View Full Version : good bye to Molly
Terri
04-05-2006, 01:25 AM
Molly is my 16 yr old 1/2 collie. My husband and I made the decision to put her down tomorrow. She has trouble walking, falls down when she comes in the house, cant get off the deck... she has probably lost 20-30 lbs in the last couple of months and lately has had several accidents on the floor. She is also drinking lots of water. Oh and she pants all the time. We have had her for 7 yrs and she has been a good dog. The people that owned her 7 years ago were going to put her to sleep then (I had to call and cancel the appointment) because they couldn't keep her and no one else wanted an old arthritic dog.

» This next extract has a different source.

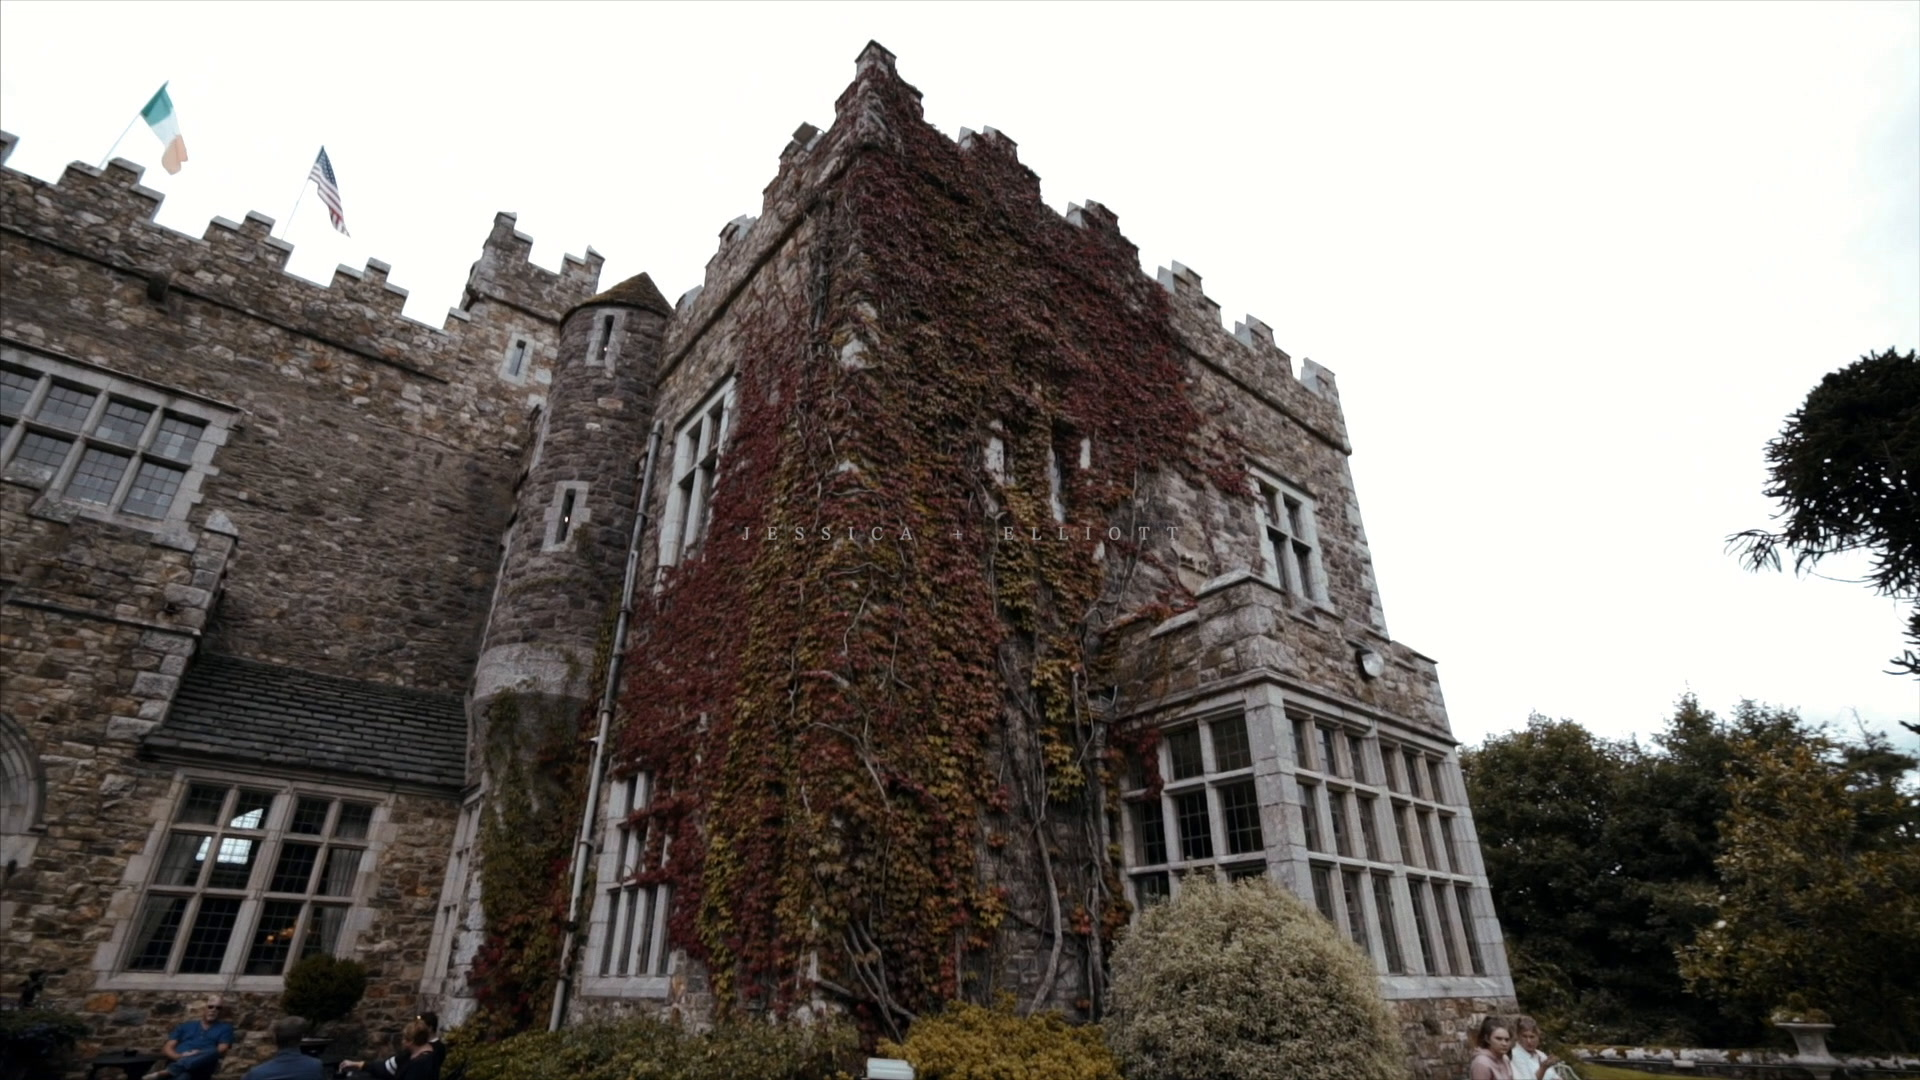 Jessica + Elliott | Waterford, Ireland | WWaterford Castle

We told the kids, and my 7 yr old son did not react well. He wouldn't eat his supper, cried himself to sleep and said he didn't ever want to talk about dogs again. :cry:
Am I doing the right thing? She looks a little perkier tonight
Brigitte
04-05-2006, 01:27 AM
It's a hard decision, but you can't let a beloved pet suffer
ErinC
04-05-2006, 01:36 AM
quailty of life.
she just does not have it any more.
and as owners we need to be responsible for the "right time"
you are doing the right thing, yes!
Pasogirlz
04-05-2006, 01:41 AM
I'm sure you will know if you are doing the right thing for the dog. :hug
Let me tell you a little story my father told me when I was a small child and one of my beloved pets died...
I said I never wanted another pet again (insert crying and balling here :cry: )It hurt too much when they die.
My Dad then asked me if I would consider having a pet butterfly...
Of course being the animal lover that I always have been....I said Yes, I might like to have one. Well then Dad explained to me that butterflies don't live that long. Their life span is only a short time. Did I still want the butterfly if I knew ahead of time I would only have it a brief moment? As I sat and thought about this, Dad pointed out all the fun I could have w/the butterfly while it was alive and how special our time together would be. He said you have to remember the best of times when the time comes for the butterfly to go.
So yeah, then I decided maybe I would still want the butterfly after all...even tho it would be so painful to loose it in the end.
I told this story at my cousin Kimberlys funeral a few years ago. (She was only 25 and died in a car accident.) To this day I still think of her when I see a butterfly.
Hope this help you w/your son.
Terri
04-05-2006, 01:46 AM
Lori, that was beautiful, thank you!
ErinC
04-05-2006, 01:54 AM
you just made me cry , cry real hard.
wow.
:cry:
I will NEVER look at a butterfly the same again. I will always think og that story.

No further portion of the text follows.